Identification and properties of voltage-sensitive sodium channels in smooth muscle cells from pregnant rat myometrium.

Saturable high and low affinity binding sites for [3H]saxitoxin were identified in myometrial membranes of pregnant rats, with dissociation constants of 0.53 and 27 nM, respectively. The maximal binding capacity of the low affinity binding sites was about 10 times higher than that of the high affinity binding sites. The dissociation constants obtained from association and dissociation kinetics of [3H]saxitoxin were similar to those obtained from equilibrium binding. Saxitoxin and tetrodotoxin specifically displaced [3H]saxitoxin binding at both types of sites. Isradipine (1-10 microM) and amiloride (50-100 microM) were without effect on the binding of [3H]saxitoxin.
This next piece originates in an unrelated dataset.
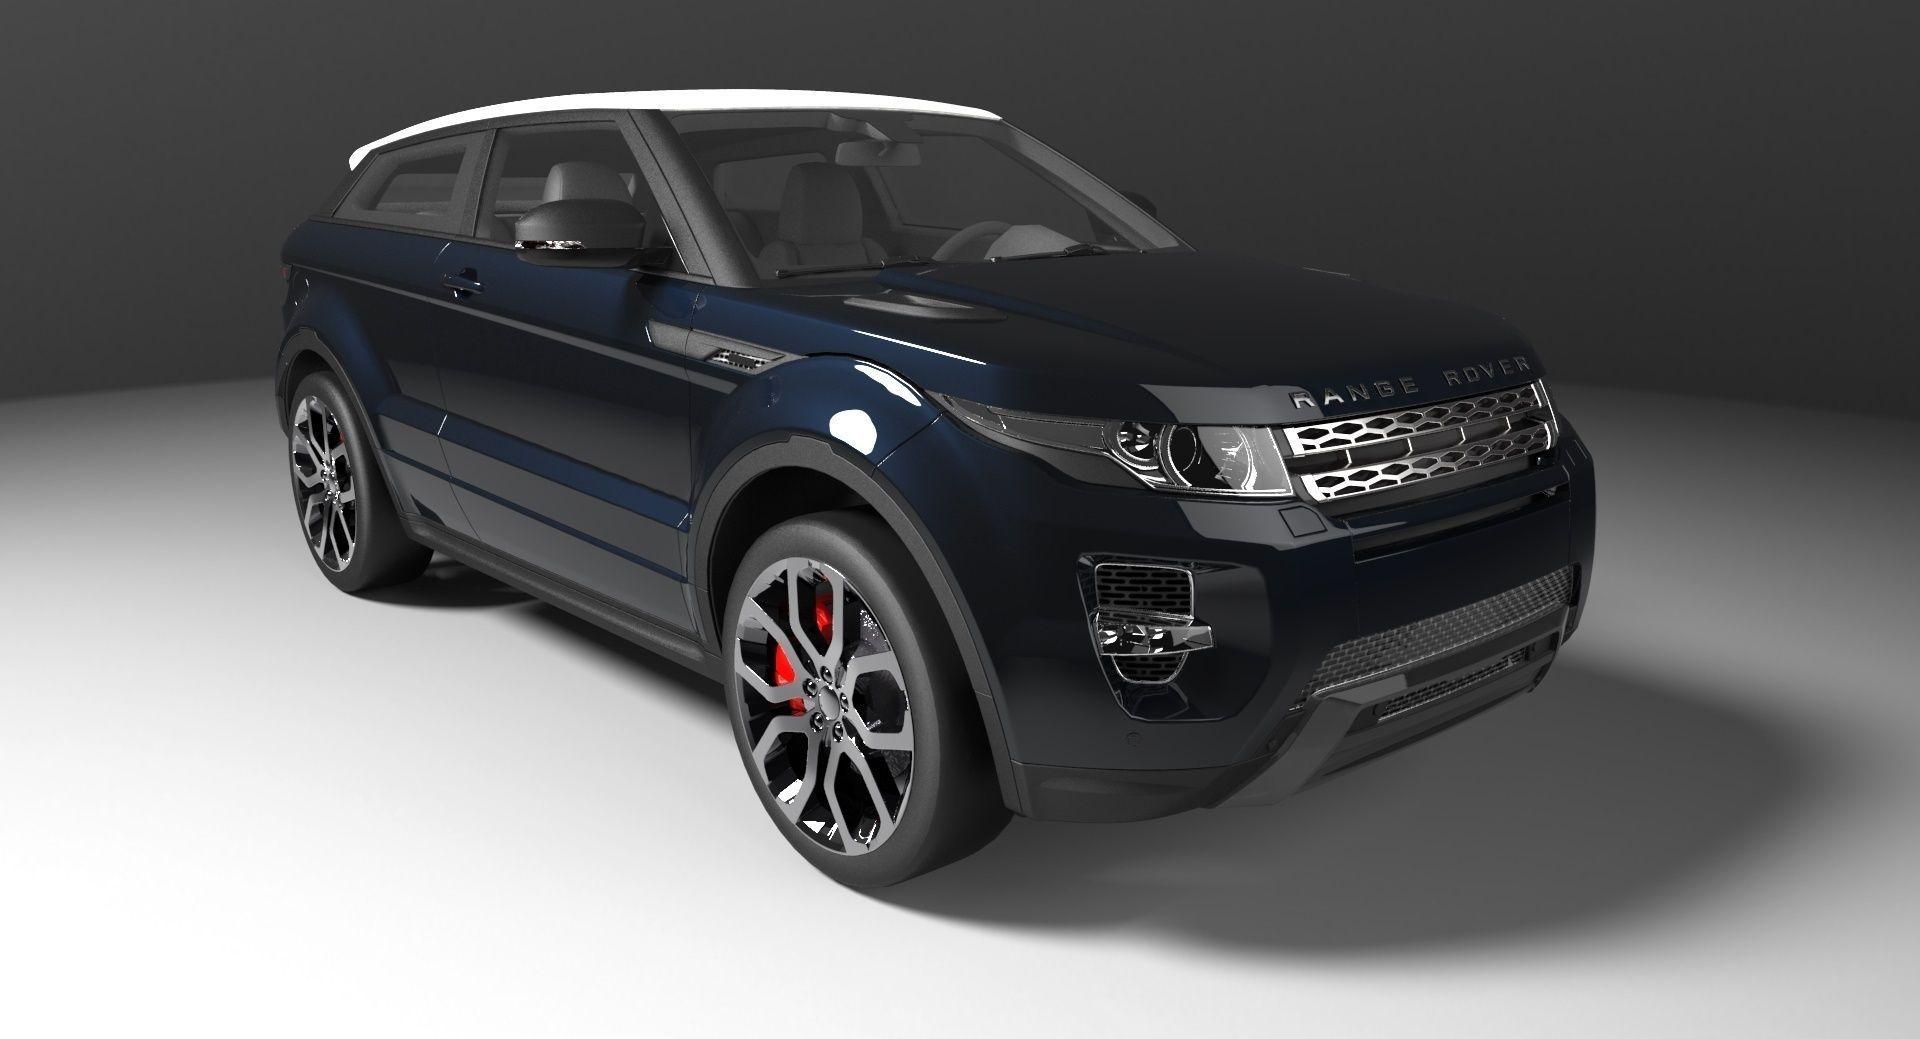 land rover evoque 3d model stl. Black Bedroom Furniture Sets. Home Design Ideas

At high concentrations (10-100 microM), veratridine induced a partial inhibition of [3H]saxitoxin binding. In dispersed myometrial cells, [3H]saxitoxin binding revealed the presence of both high and low affinity binding sites, with KD values similar to those obtained in myometrial membranes. Sodium currents were studied in both freshly dispersed and cultured myometrial cells in the presence of veratridine (100 microM), using the whole-cell patch-clamp technique. Steady state inactivation curves indicated that sodium channels were available at negative membrane potentials (between -110 and -40 mV). Isradipine (1-10 microM) and amiloride (50-100 microM) were without effect on the sodium current. Applications of saxitoxin or tetrodotoxin inhibited the amplitude of the sodium current in a concentration-dependent manner. The concentrations of saxitoxin and tetrodotoxin producing half-maximal inhibition were 1.4 and 8.8 nM, respectively. Although the IC50 values for saxitoxin and tetrodotoxin found from electrophysiological experiments are not identical to the equilibrium dissociation constants for the high and low affinity sites found from binding experiments, these results suggested that binding of the neurotoxins to the high affinity sites may be involved in their inhibitory effects on sodium channels. Furthermore, low affinity binding sites may be associated with a non-functional subtype of sodium channels in myometrial cells.